Fale Conosco

Após depoimentos, delegado decidiu indiciar cirurgião que faltou a plantão. Atingida por bala perdida, criança, que morreu, esperou 8h por cirurgia.

G1 

O delegado Luiz Archimedes, titular da 23ª DP (Méier), informou nesta terça-feira (8) que vai indiciar o neurocirurgião Adão Orlando Crespo Gonçalves por omissão de socorro da menina Adrielly dos Santos Vieira, de 10 anos. Atingida por uma bala perdida na noite de Natal, a criança esperou por 8h uma cirurgia no Hospital Municipal Salgada Filho, no Méier, na Zona Norte do Rio, porque o médico faltou ao plantão. Adrielly morreu na sexta-feira (4), no Souza Aguiar, no Centro, para onde havia sido transferida. Até as 18h, o médico ainda não havia sido informado oficialmente sobre o indiciamento, de acordo com a assessoria de imprensa dele.

A pena para omissão de socorro, prevista no Código Penal (art. 135), é de um a seis meses de detenção e pode ser triplicada em caso de morte.

“Vários motivos fizeram a polícia civil indiciar o médico Adão Orlando Crespo. Principalmente em razão do depoimento do doutor Ênio e pelo simples fato de que ele trabalhava na escala com o doutor Adão há dois anos e não o conhecia. Ele lançava as faltas no livro, mas não cabia a ele abonar ou confirmar a falta”, diz o delegado.

A decisão do delegado de indiciar Adão foi tomada após ele ouvir Ênio Lopes, chefe do plantão na noite da chegada de Adrielly. O médico afirmou que era da mesma escala que Adão havia dois anos, mas nunca tinha visto o neurocirurgião. Antes do depoimento, Archimedes havia dito que não indiciaria Adão.

Na segunda-feira, após ouvir o neurocirurgião que operou Adrielly após a longa espera, o delegado explicou que a morte da menina poderia não ter sido evitada mesmo que ela tivesse sido operada logo após chegar ao hospital.

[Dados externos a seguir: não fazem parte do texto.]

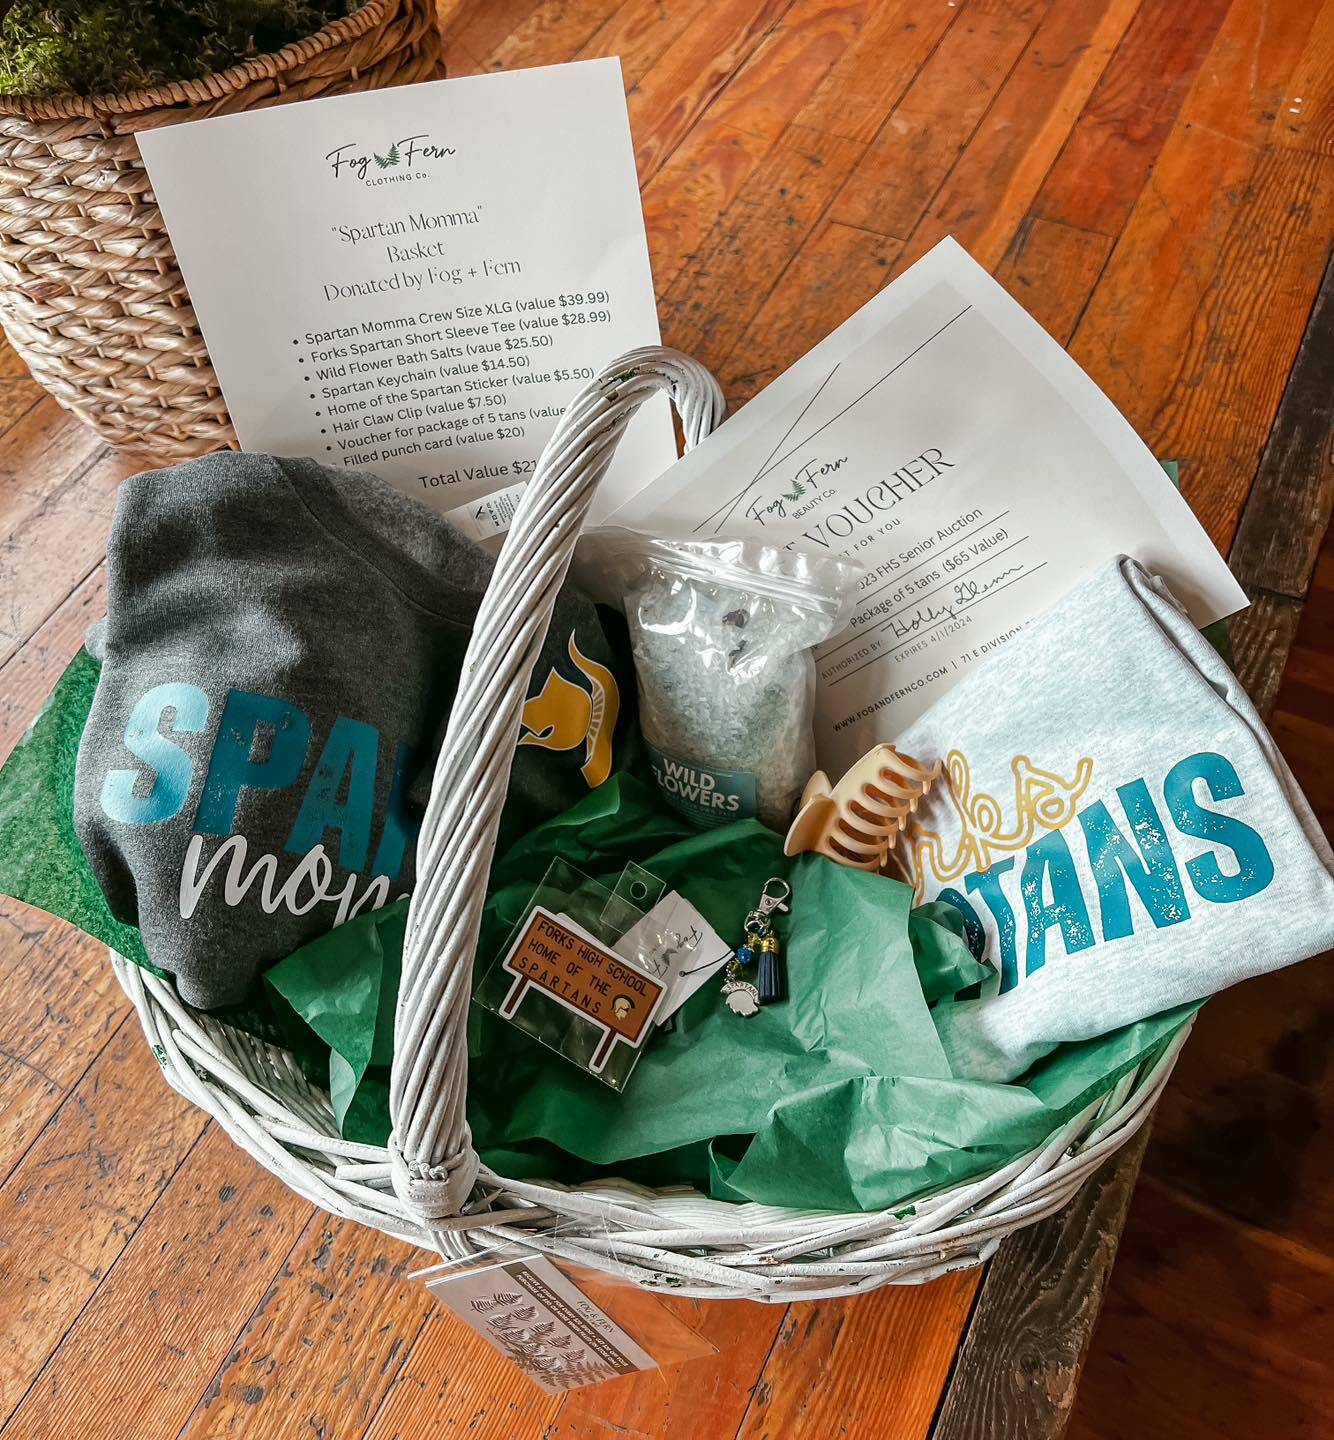 Many local businesses like Fog and Fern Clothing Co., who donated this basket, have generously donated amazing items for this weekend’s fundraiser benefiting Forks graduates.

Adão diz que avisou que faltaria

 Em depoimento à polícia, Adão Crespo disse que vinha faltando aos plantões um mês antes do Natal por discordar da forma como a escala é feita. E contou que telefonou ao chefe avisando que faltaria. Ele comunicou oficialmente sua demissão à chefia no dia 31 de dezembro. Em entrevista ao G1reclamou ter sido “transformado em alvo” do caso.

José Renato Paixão confirmou à polícia que Adão havia avisado que faltaria, mas disse que teria ordenado que ele não faltasse ao plantão porque não haveria substituto.

Baleada no Natal

 O caso ocorreu na Rua Amália, perto dos morros do Urubu e do Urubuzinho, em Piedade. Ela havia acabado de ganhar seu presente de Natal quando foi atingida por uma bala perdida, segundo o pai Marco Antônio. Eles estavam na rua, no momento em que traficantes dos morros do Urubu e Urubuzinho começaram a soltar fogos e dar tiros para o alto, ainda de acordo com o pai.